INFORMATION:
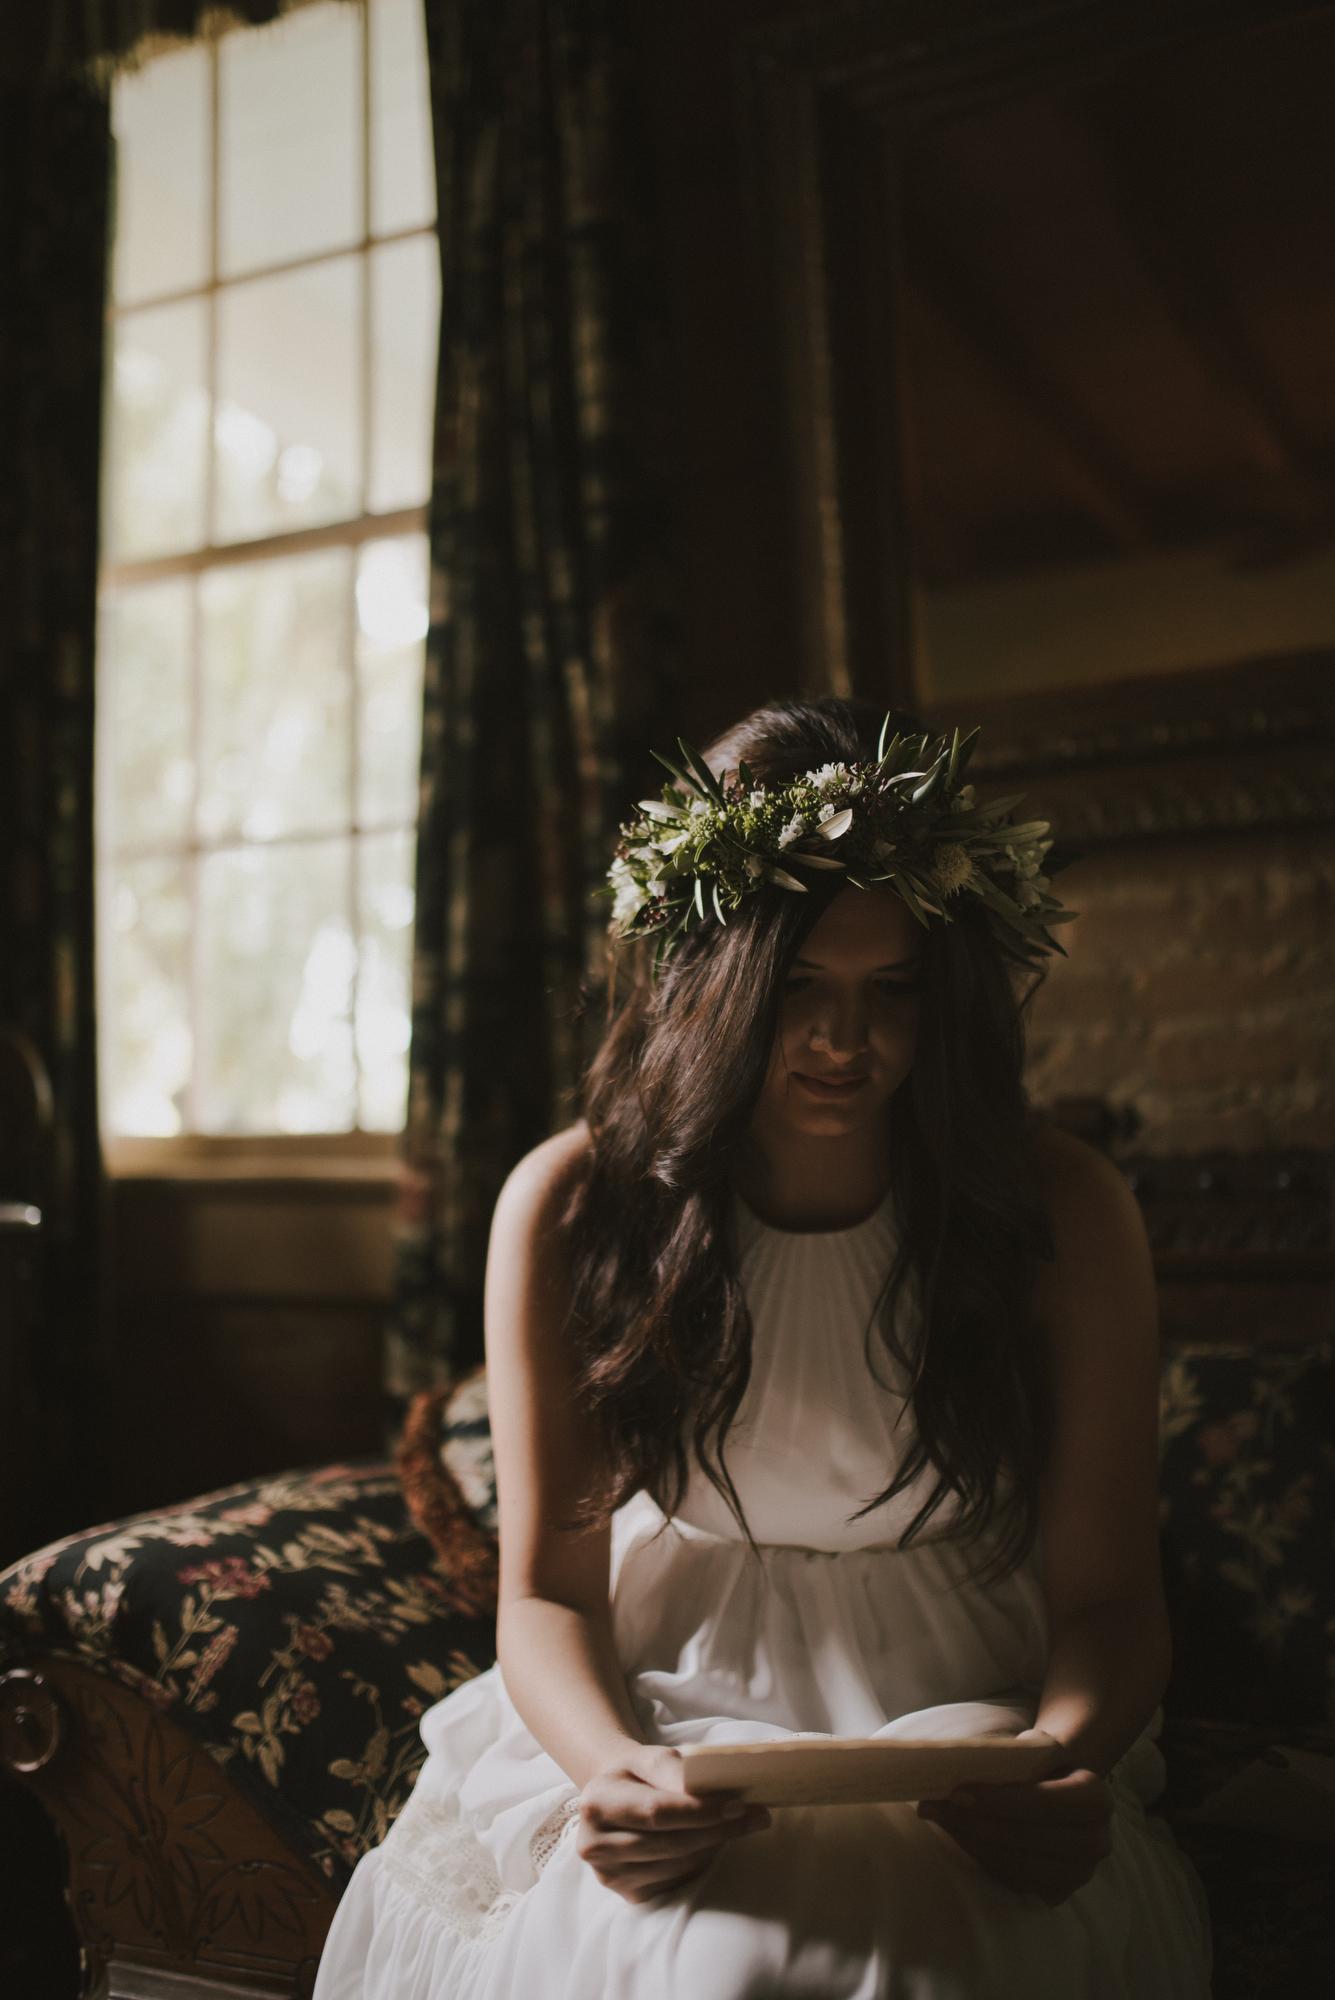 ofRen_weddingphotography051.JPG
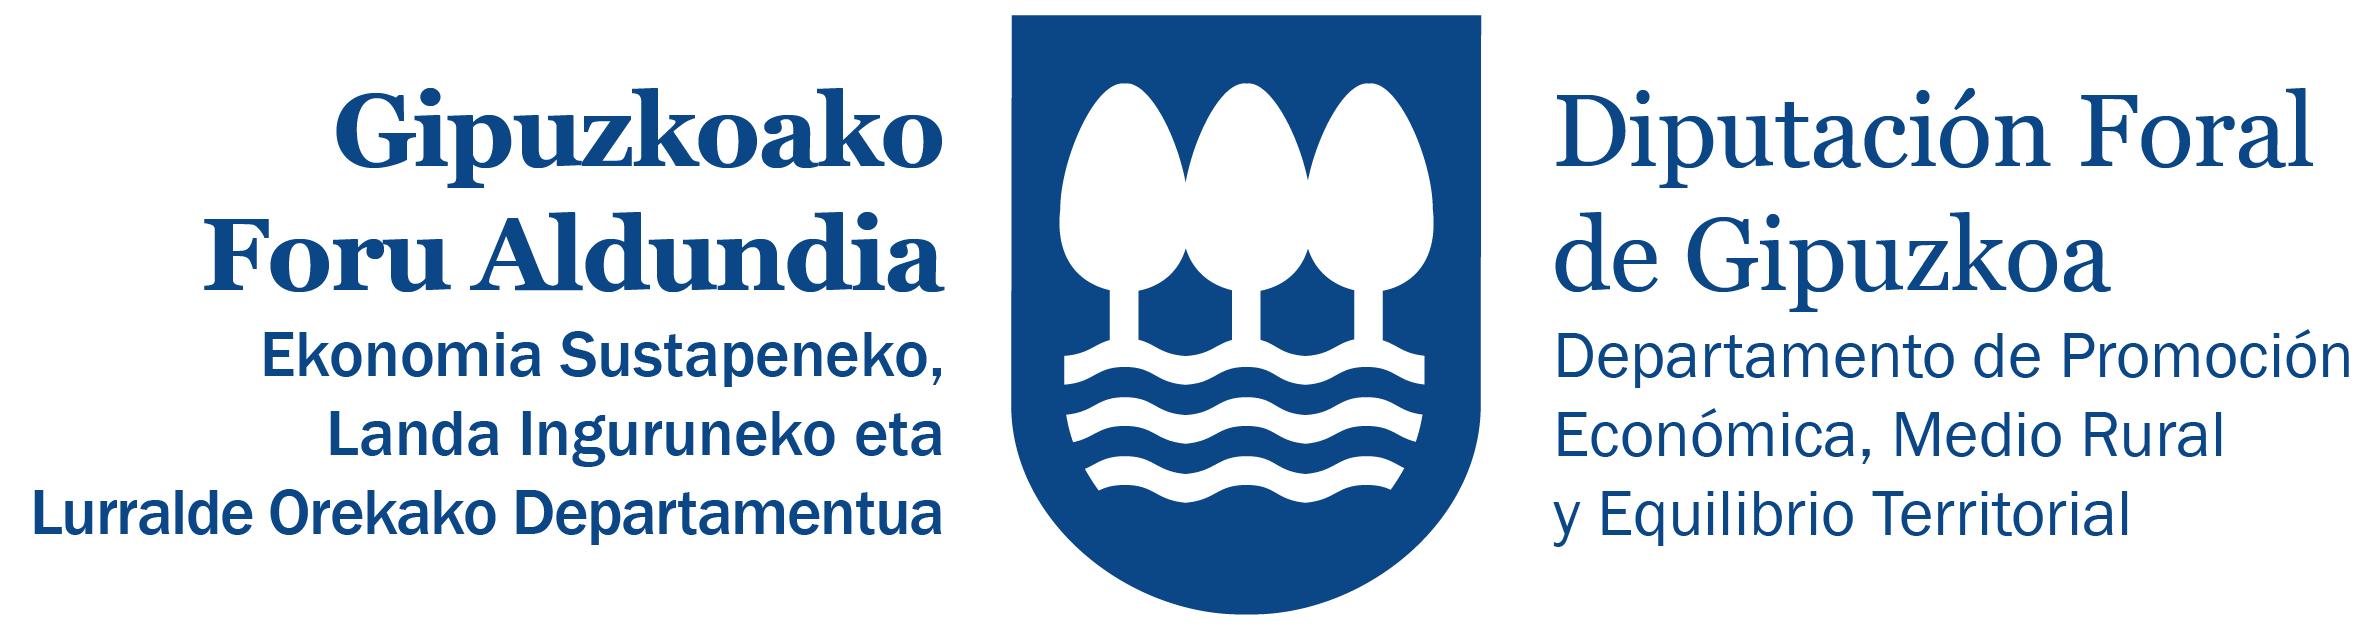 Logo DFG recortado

* * *

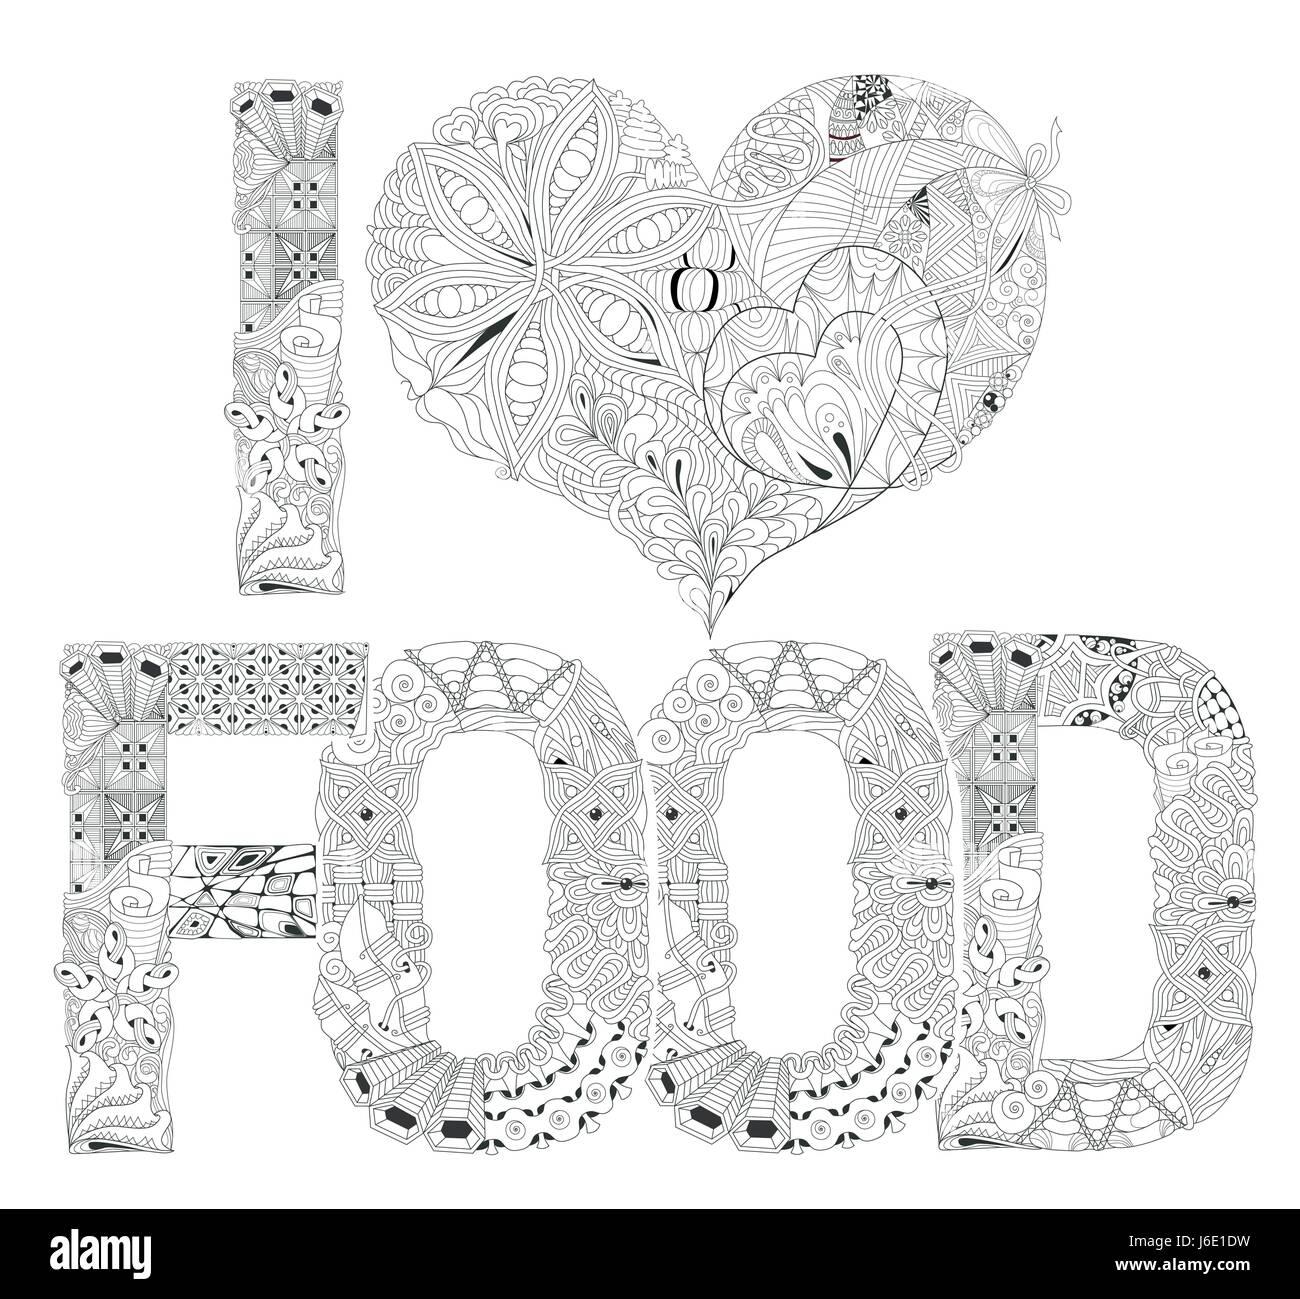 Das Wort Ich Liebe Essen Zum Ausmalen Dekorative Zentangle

TASK PROMPT:
Return exactly the part of the listing above that opens with the line containing "ofRen_weddingphotography051.JPG" and closes with the line containing "Logo DFG recortado". Pictures stay out.

ANSWER SPACE:
 ofRen_weddingphotography051.JPG
 Logo DFG recortado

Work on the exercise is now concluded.